问题
I'm writing an importer that imports data from a CSV file into a DB table. To avoid loading the whole file into memory, I'm using Smarter CSV to parse the file into chunks of 100 to load each chunk one at a time.
I'll be passing each chunk of 100 to a background job processor such as Resque or Sidekiq to import those rows in bulk.
Passing 100 rows as a job argument results in a string that's about ~5000 characters long. Does this cause any problems in general or particularly with the back-end store (e.g. Sidekiq uses Redis - does Redis allow storing a key of that length?). I don't want to import one row at a time because it creates 50,000 jobs for a 50,000 row file.

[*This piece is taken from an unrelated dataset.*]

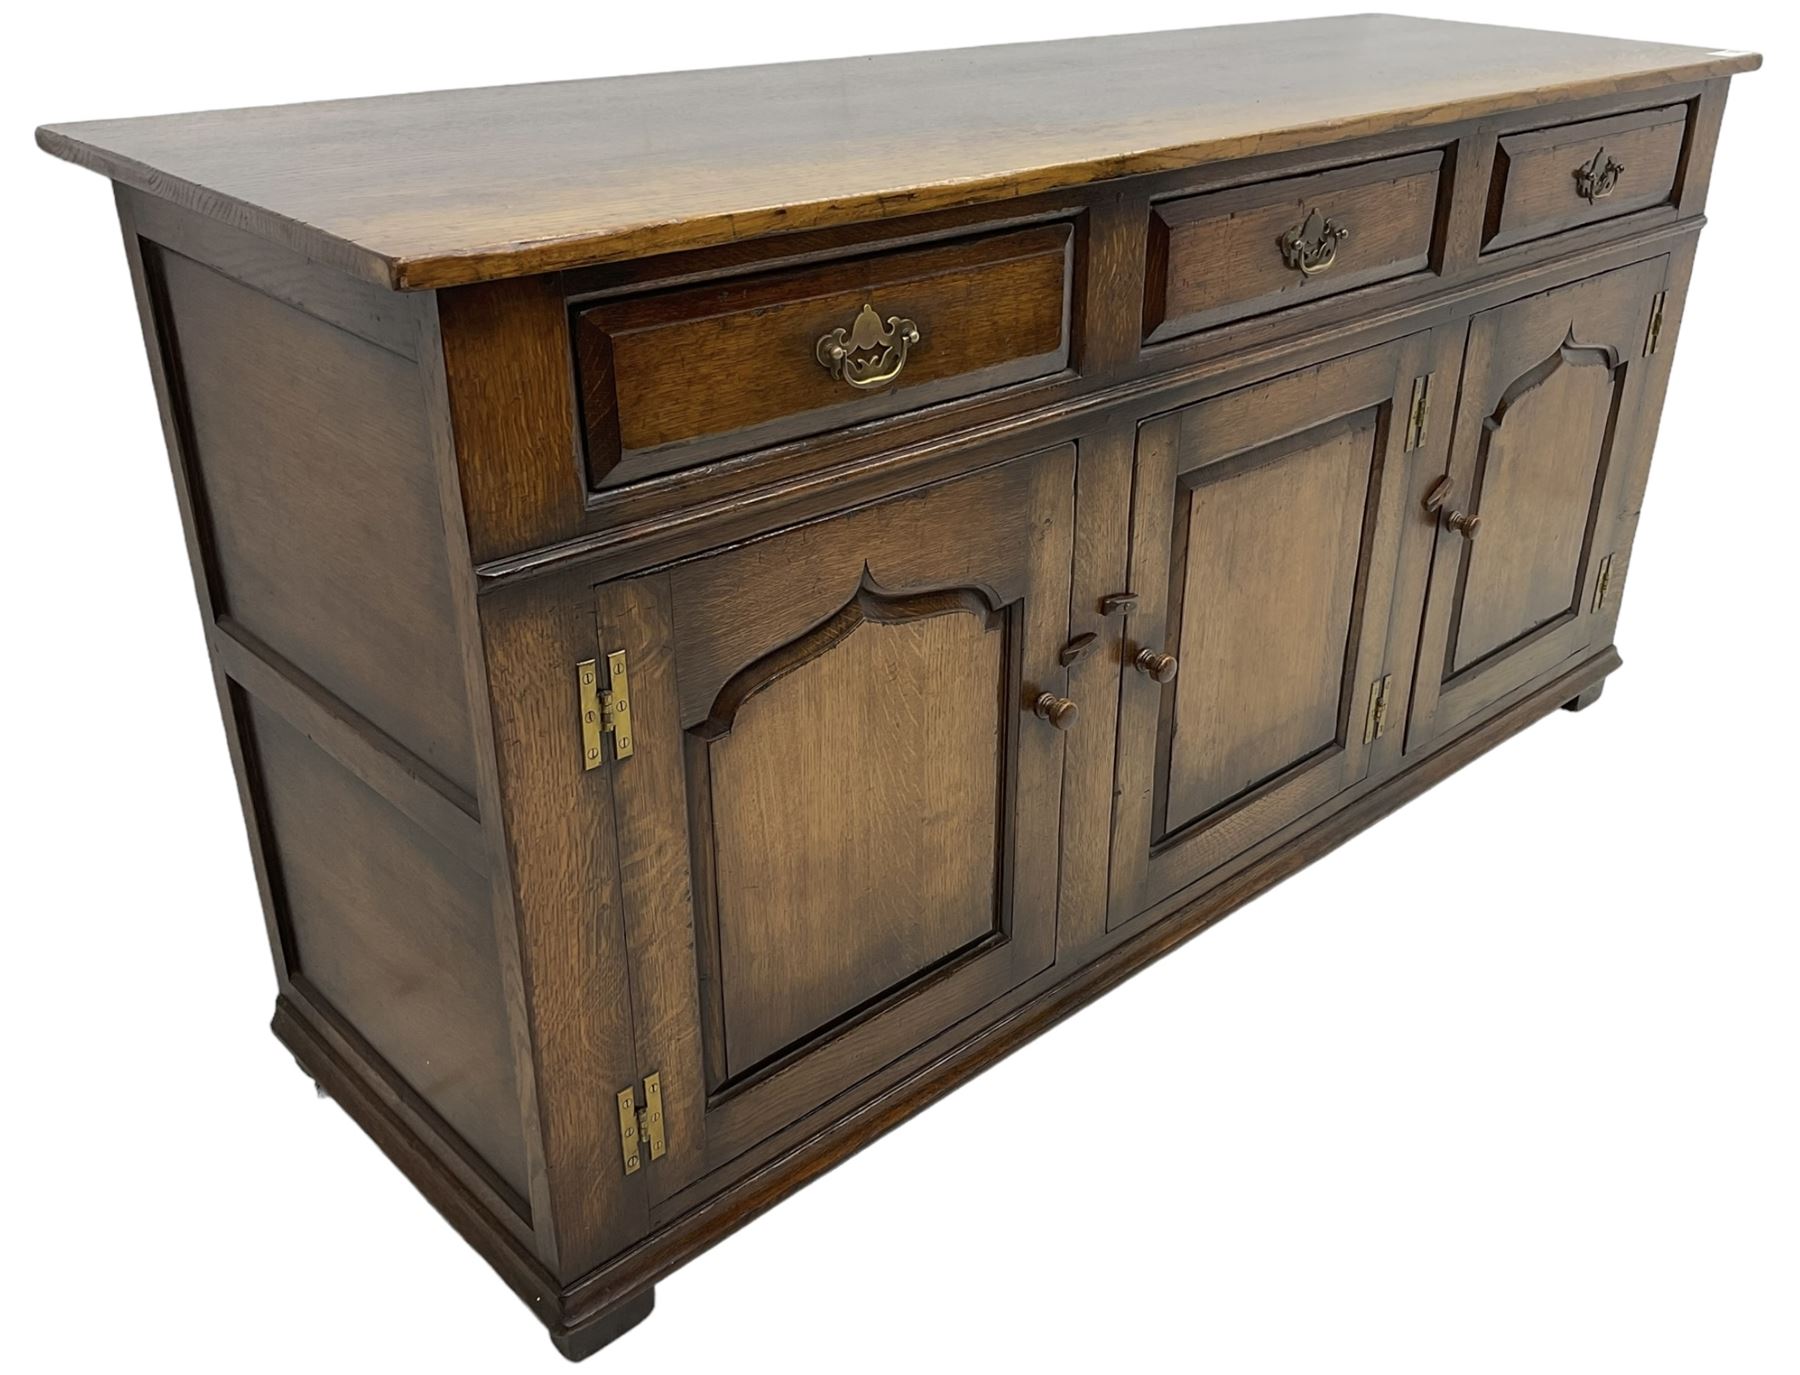 Titchmarsh & Goodwin - traditional oak dresser base - Image 5 of 9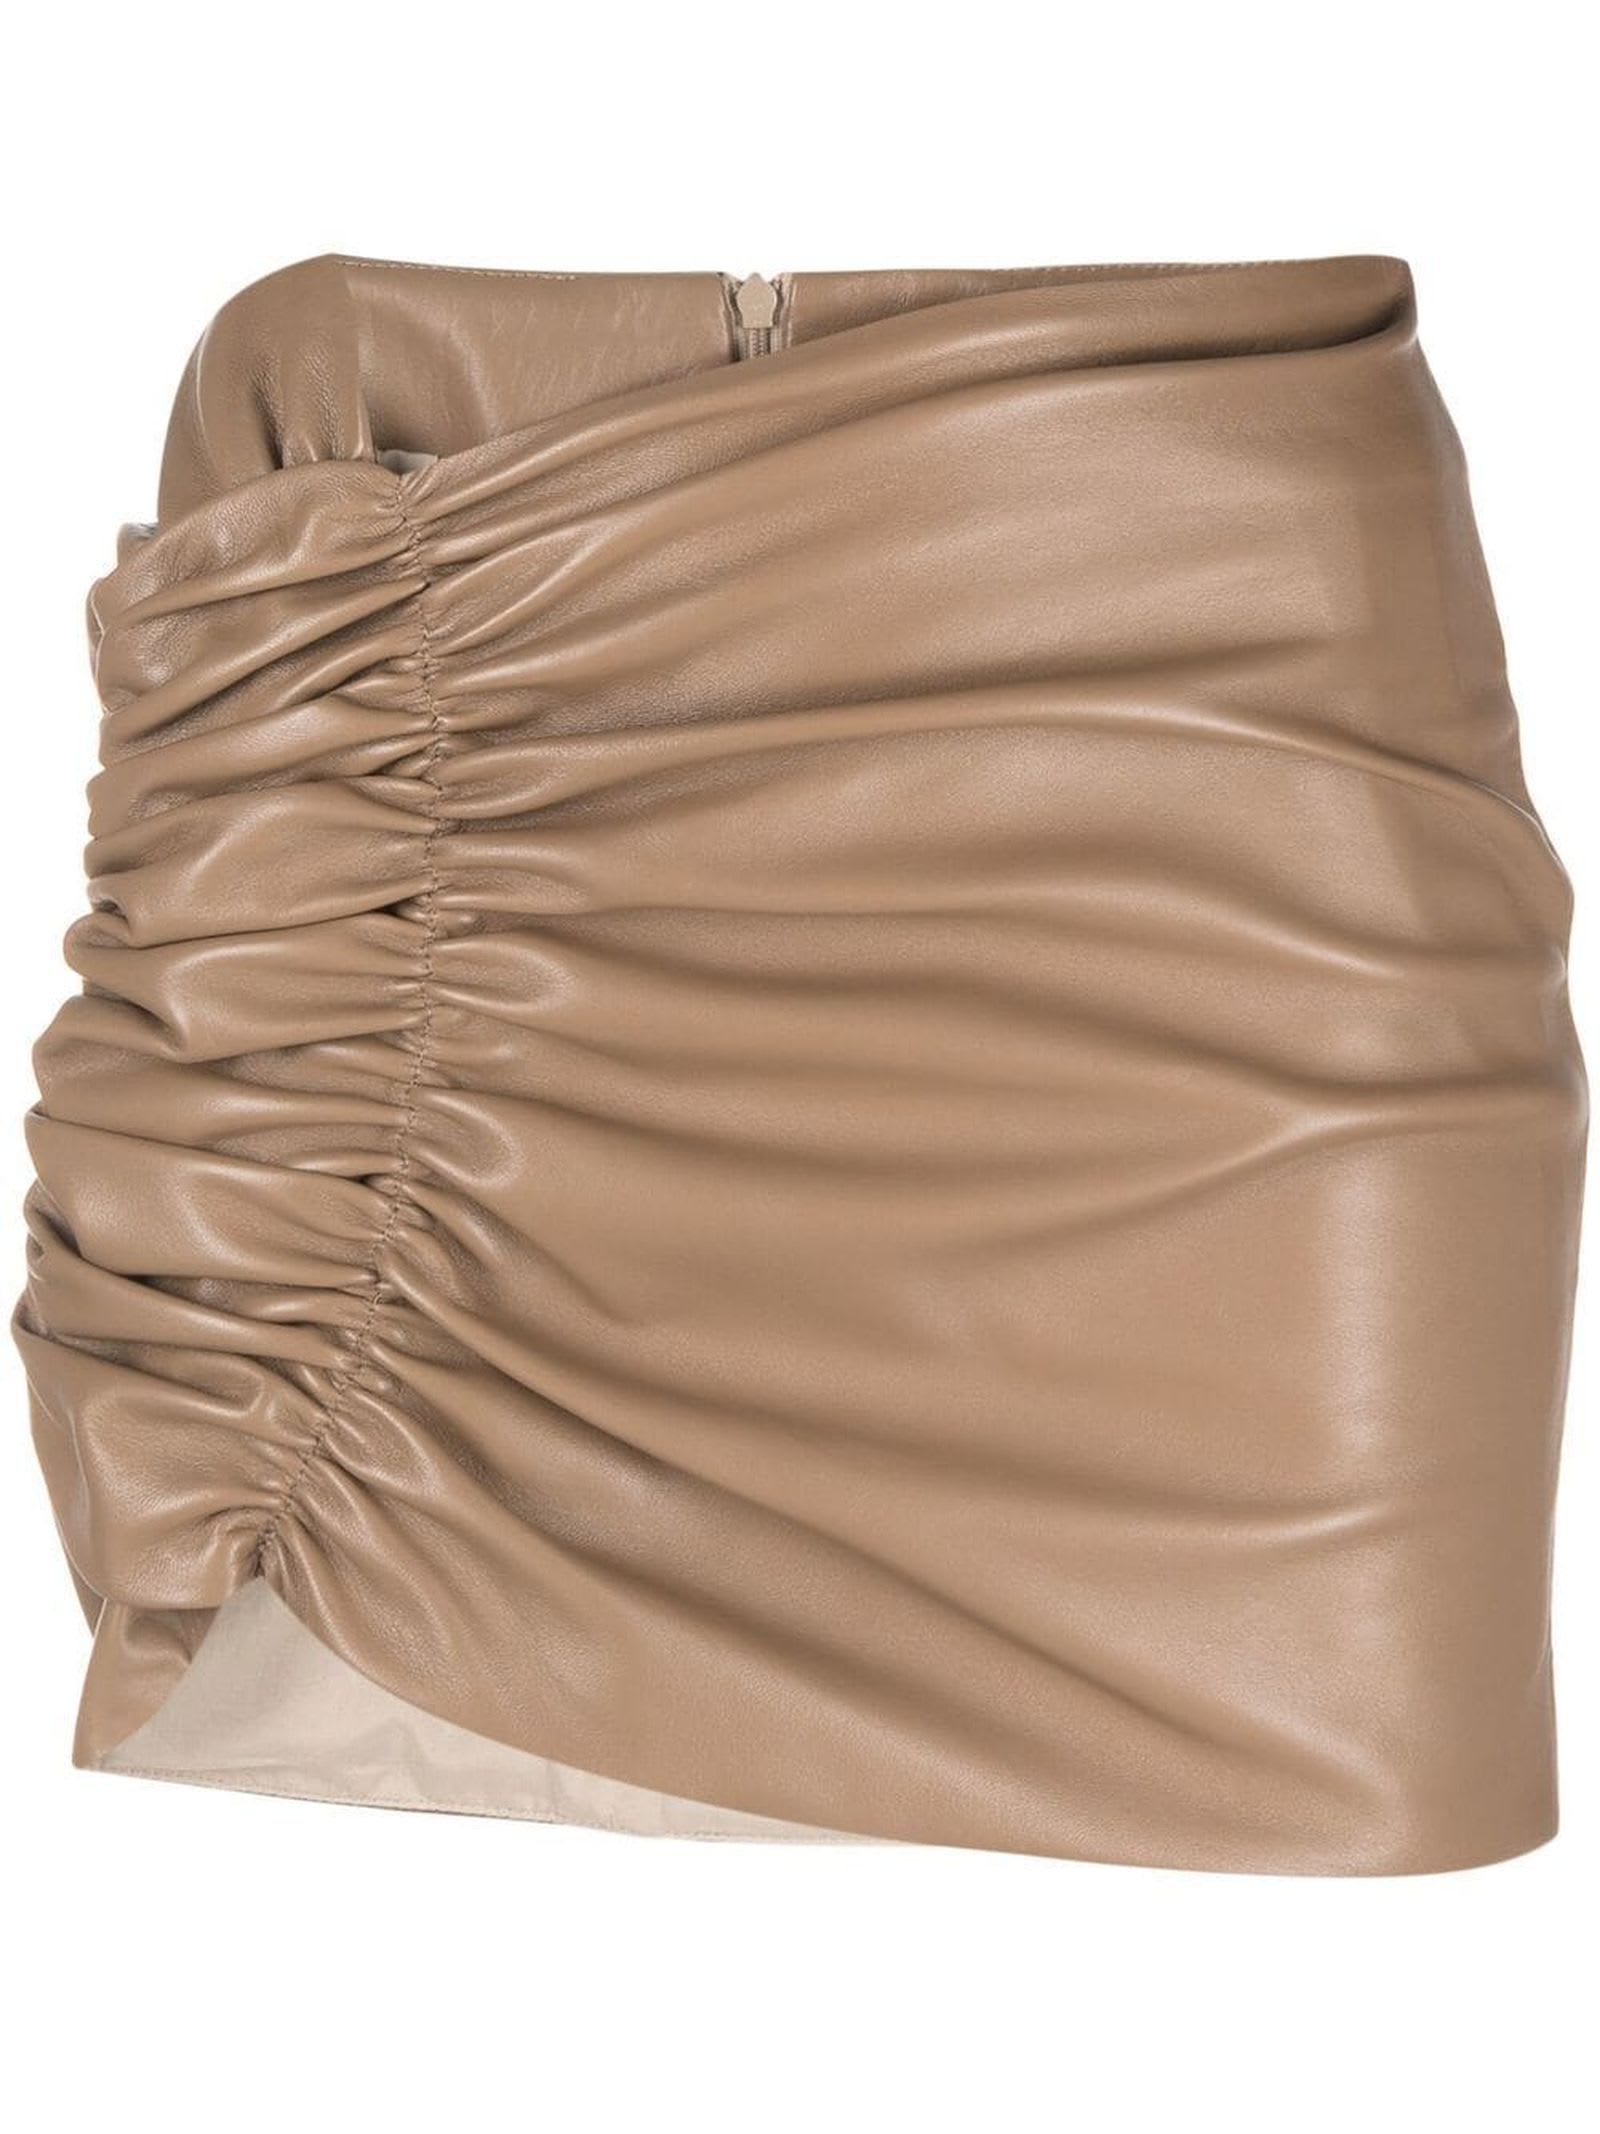 The Mannei Beige Leather Mini Skirt

I want to know the progress of the overall import, so I planned to have each job (chunk of 100) update a DB field and increase the count by 1 when it's done (not sure of a better approach?). Since these jobs process in parrallel, is there any danger of two jobs trying to update the same field by 1 and overwriting each other? Or do DB writes lock the table so only one can write at a time?
Thanks!
回答1:
Passing 100 rows as a job argument results in a string that's about ~5000 characters long.
Redis can handle that without problems.
Since these jobs process in parallel, is there any danger of two jobs trying to update the same field by 1 and overwriting each other?
If you do read + set, then yes, it's subject to race conditions. You can leverage redis for the task and use its atomic INCR.
To avoid loading the whole file into memory, I'm using Smarter CSV to parse the file into chunks of 100
Depends on what you're doing with those rows, but 50k rows by themselves are not a great strain on memory, I'd say.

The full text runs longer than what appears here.